# Few pics



## GoglGourd (Feb 6, 2006)

hi I got my first two mantids a few weeks ago and am planning on breeding at some point when they're mature enough. As far as I know, one is a target mantis and the other an unknown philippine species, the philippine I think is female and the target is too young to tell. not great quality, sorry.. (kind) comments appreciated.







Took this one couple of days ago, in my boredom I decided to cut it out.






more or less the same image, not cut out, different angle.






this is of the same mantis before it's last shed, about a week ago, looks alot smaller and alot less green!

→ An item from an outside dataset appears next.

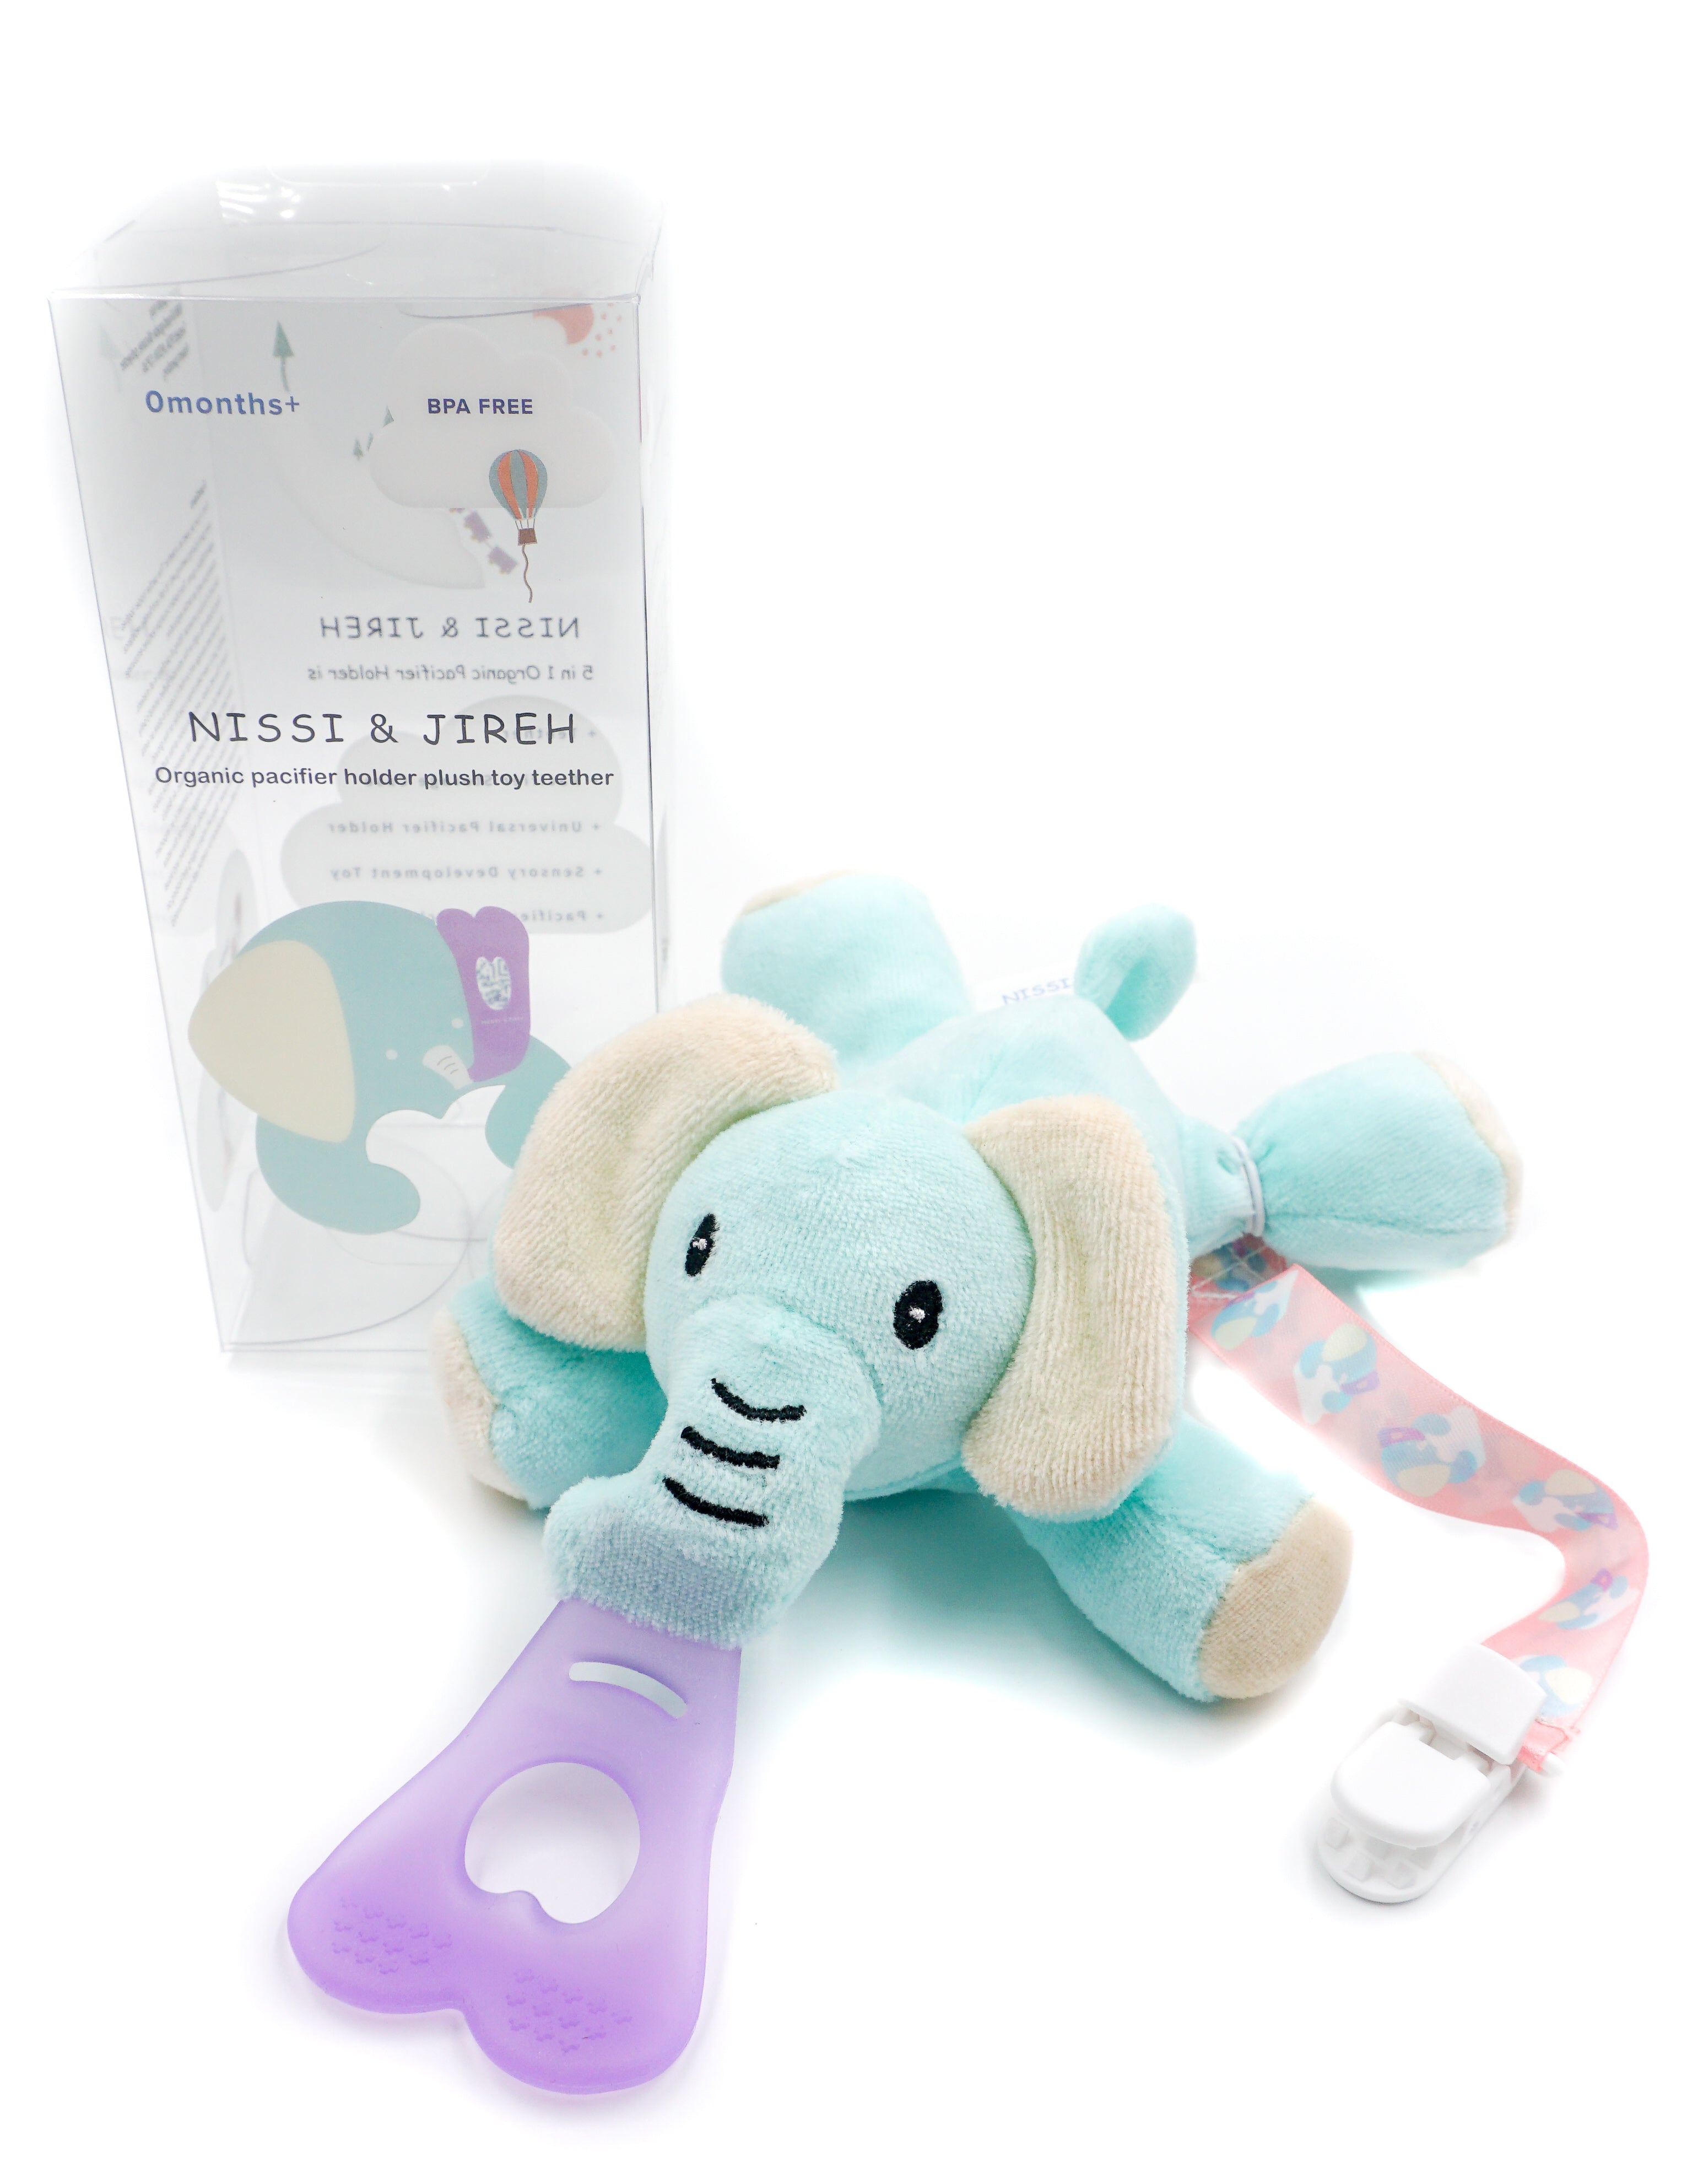 5 in 1 Organic Teething Toy and Detachable Pacifier Holder, Elephant - nissi-jireh

target mantis turned out huge and I cba shrinking, sorry!






..and again, not as big.

Well that's it for now, if i ever get round to breeding or increasing my collection i'll up some pics. I'm hoping to get a flower mantis or paraguay mantis but can't make up my mind which I should get.

Thanks,

Andrew


----------



## Rib (Feb 6, 2006)

you "target" mantis is in fact a sub-adult, and a female. She will have wings next shed

EDIT: Actually perhaps she is a L6 female (sub sub adult)


----------



## GoglGourd (Feb 6, 2006)

ooh, that's interesting  thanks v.much, i've currently got her on small crickets i pick from my gecko's supply, she only takes one every couple of days, is this ok or should I be feeding on something else or more/less frequently?


----------



## Exotic-Mantis (Feb 6, 2006)

Cool, nice mantids. Hmm the #9 flower mantis (you call it target) looks like it is subadult. It'll be really cool looking when it molts. As for your question, she could eat a cricket everyday, however flies, moths, and other pollinating insects are better to feed to flower mantids. Crickets can be used but make sure you're feeding them on GutLoad.

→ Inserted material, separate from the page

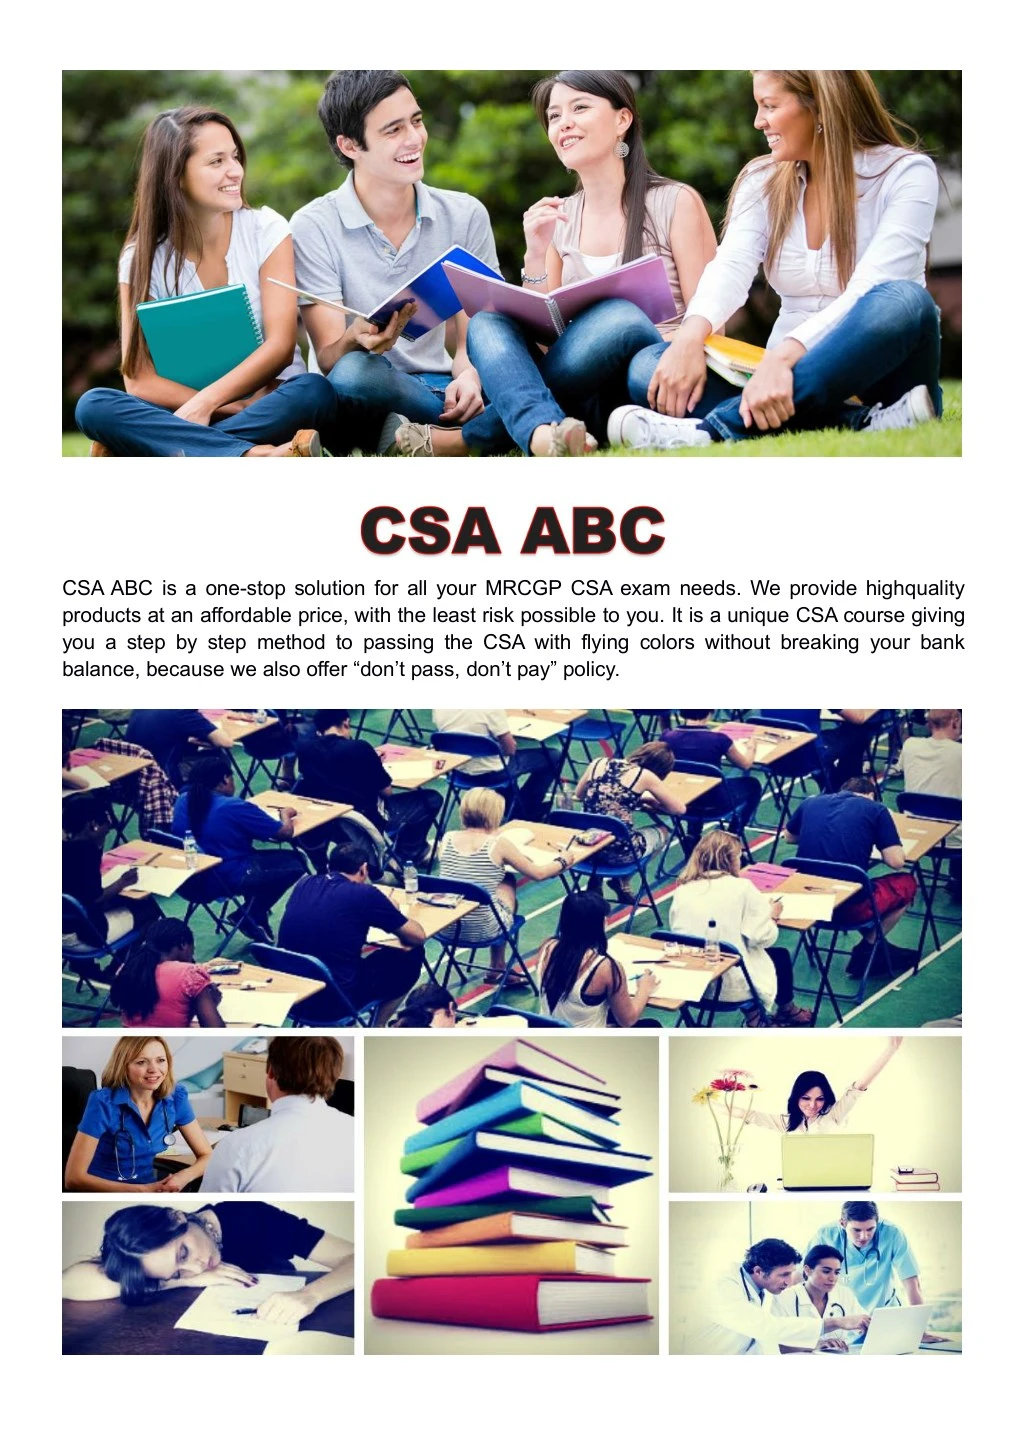 csa abc is a one stop solution for all your mrcgp

(PS- I dunno if you know but mantids cannot really be crossbred. I didn't know if you were planning on breeding those 2 nymphs, but if so, it can't be done, nothing would hatch.)

Thanks,

Eros


----------



## GoglGourd (Feb 6, 2006)

thanks for the message and no, i hadn't planned on cross breeding, the shop I bought my mantids from are constantly stocking these philippine mantids (or have been for the past year) so I'll just buy a male from there when the time is right.

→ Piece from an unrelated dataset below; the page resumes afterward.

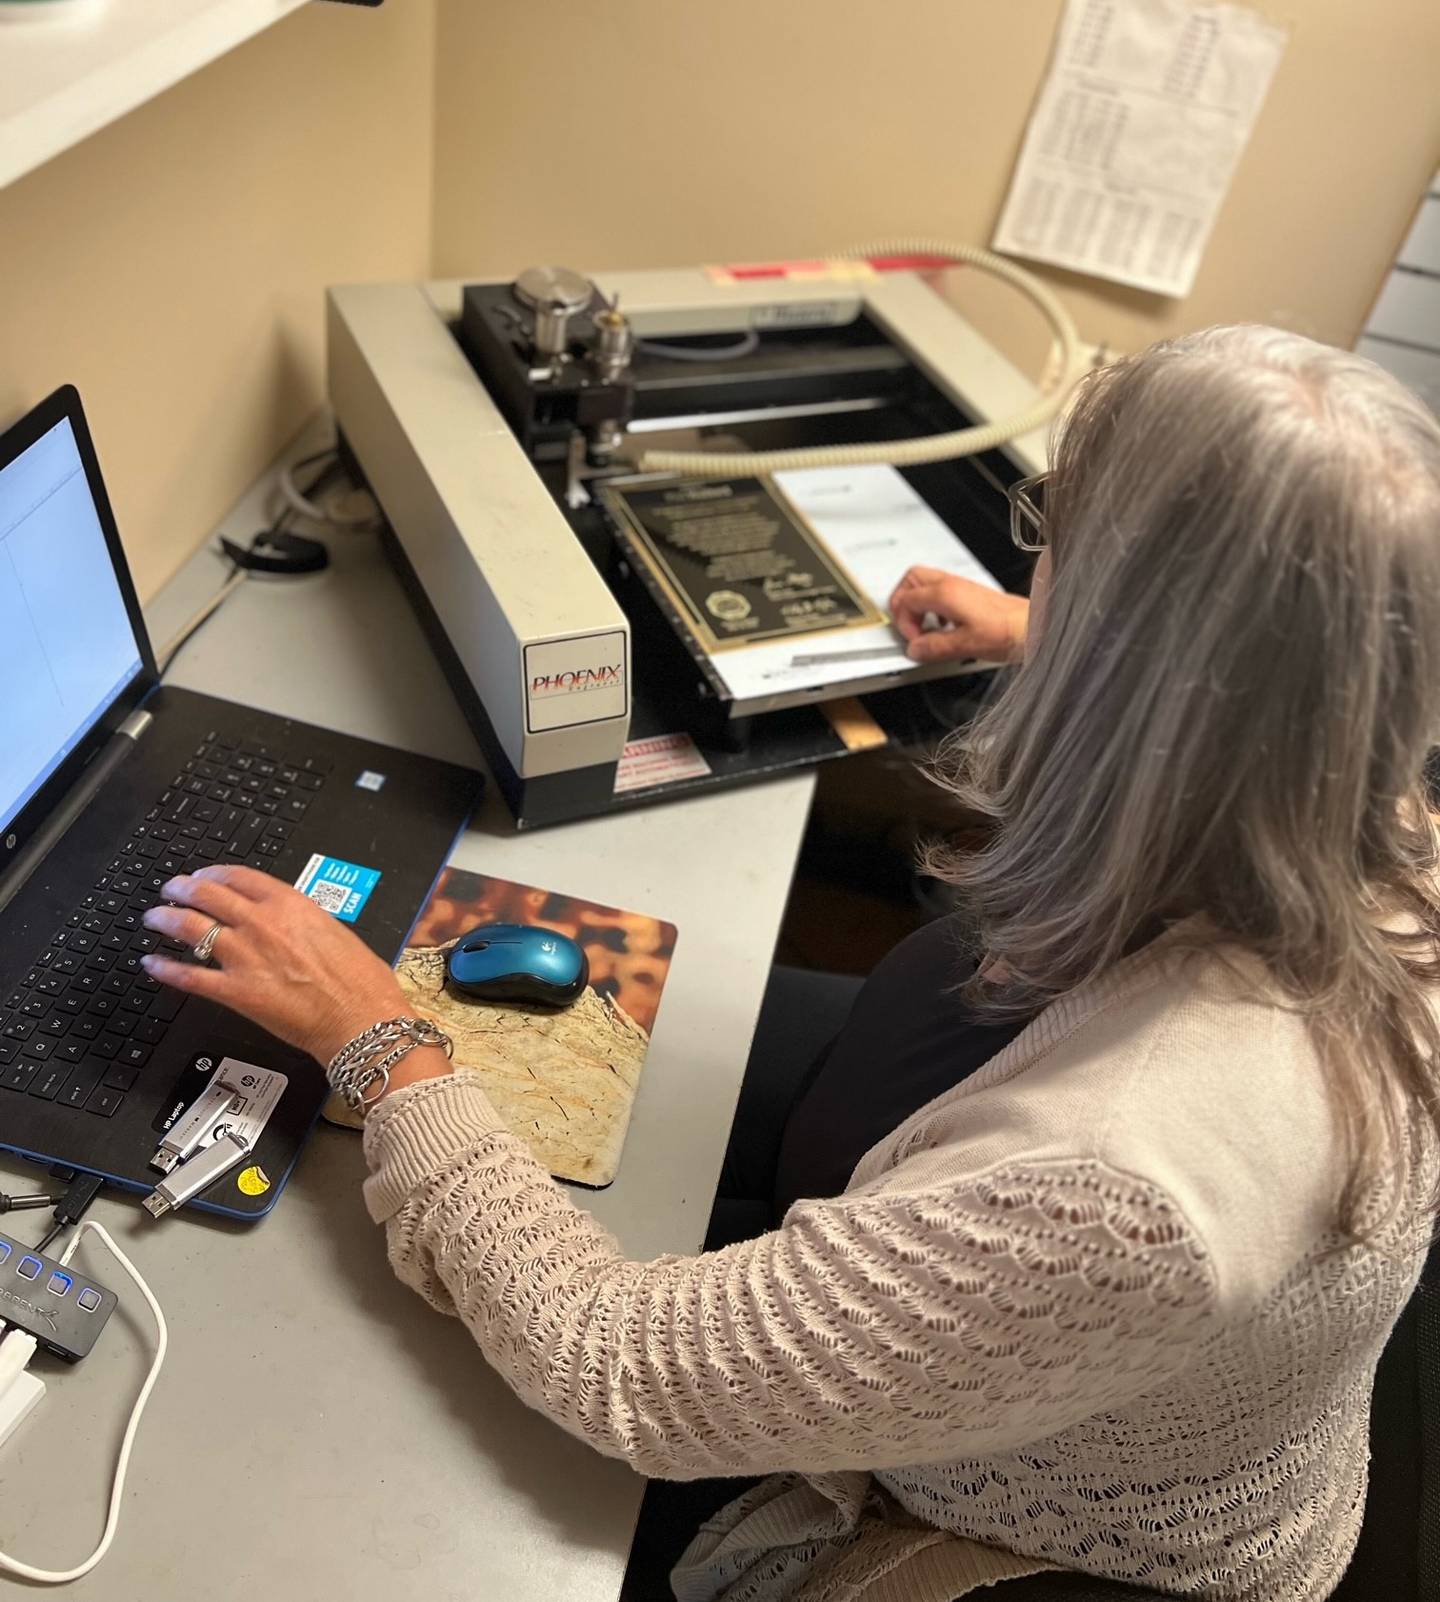 Patty Donahue, owner of Image Awards Engraving and Creative Keepsakes Inc. in Geneva, works on Visions Phoenix 1212 equipment for an engraving project.

I think i'll get a fruit fly culture, I'm wanting to get more mantids so it seems worth it!

I'm getting the feeling that the "#9 flower mantis" is not a "target", I got the name from the store I got them from:



> Target Mantids CB (Psuedocreobotra whalbergi)


Thanks for the comment!


----------



## Rick (Feb 7, 2006)

I am pretty sure the first one you have there is an African mantis.


----------



## Exotic-Mantis (Feb 7, 2006)

Yeah Rick- I didn't want to say because I wasn't 100% sure, but at mind, I thought it looked like a sphodromantis sp. (African)

Thanks,

Eros


----------



## Jesse (Feb 7, 2006)

The first one actually looks like a _Hierodula patellifera_ or closely related species, not a _Sphodromantis spp._


----------



## GoglGourd (Feb 7, 2006)

> Philippine Mantid CB (Species unknown). Nice mantids


That's what I was told, if these seems incorrect i'll inform the shop right away  thanks!


----------



## jandl2204 (Feb 7, 2006)

The first mantis in you pics is called Hierodula paviceps, it frequntly turns up on wholesale lists as philippine species.

The same occurs with most (if not all other species) which appear on wholesale lists.

but i assue you it is most likely Hierodula paviceps, i have approx 70+ behind me right now.

Pet shops refer to the wholesale lists when nameing the species you will find that common sphodomantis species will be called Sphodromantis sp even tho they have obvious differences.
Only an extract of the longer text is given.